We want to compare how the built-in class_weight functionality performs vs the new approach (spoiler: if you do not use any weights the RandomForest will always predict 0). Hence, we create three dataframes: the original, the original appended with fake_data, the original appended with fake data with noise.

train_df, test_df = train_test_split(df, test_size=0.3, random_state=42)
train_df_fake = pd.concat([train_df, df_fake])
train_df_fake_with_noise = pd.concat([train_df, df_fake_with_noise])
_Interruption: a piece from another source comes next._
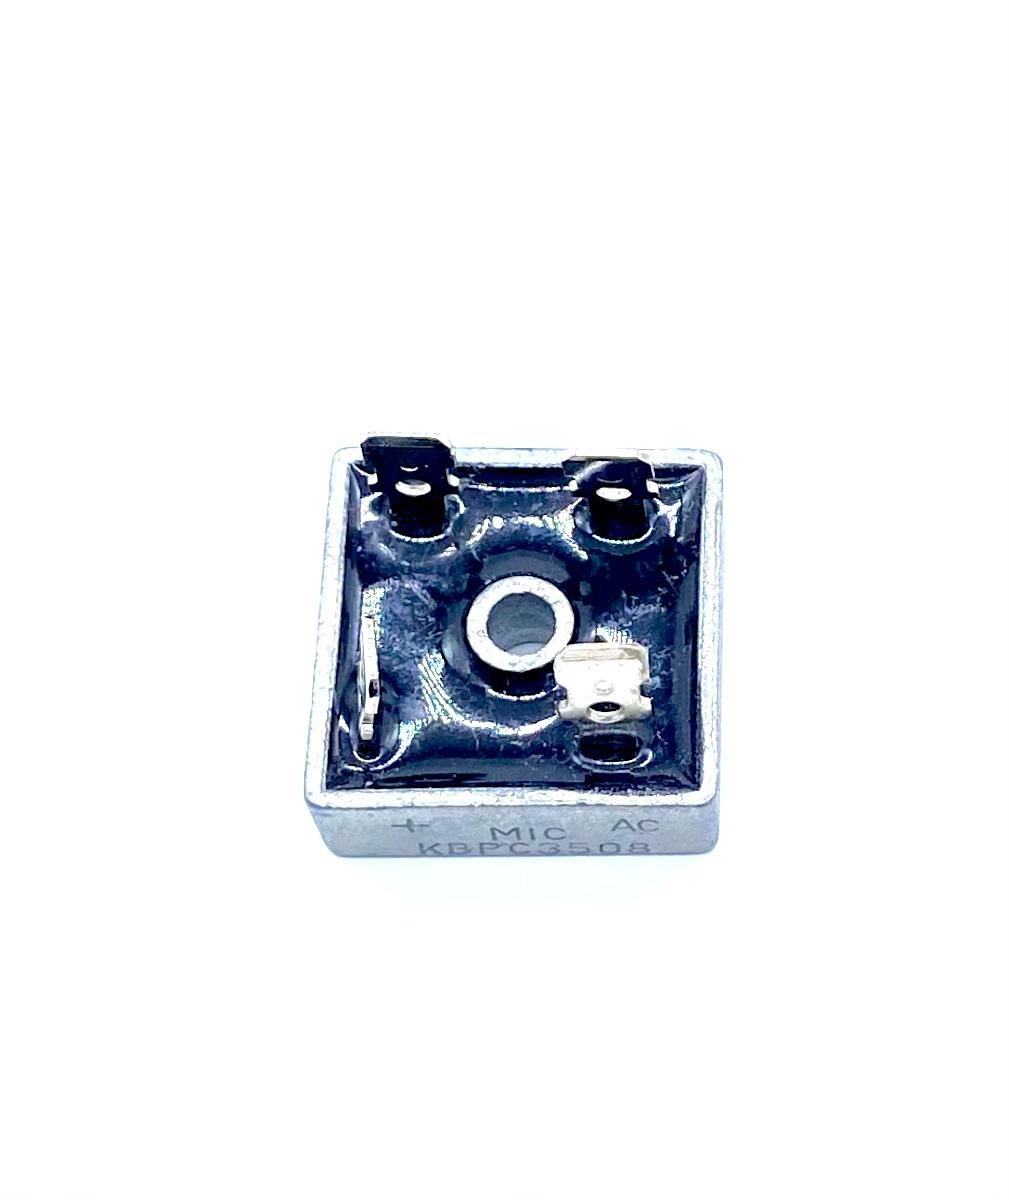 PONTE RETIFICADORA KBPC3508 MIC

To make things easier to understand, let's define the datasets on which to train and on which to assess the results:

X_train, X_test, X_train_aug = train_df.iloc[:,:30].values, test_df.iloc[:,:30].values, train_df_fake_with_noise.iloc[:,:30].values
y_train, y_test, y_train_aug = train_df.iloc[:,30].values, test_df.iloc[:,30].values, train_df_fake_with_noise.iloc[:,30].values

First, let's train model on the original data while using the differences in class occurences as weights.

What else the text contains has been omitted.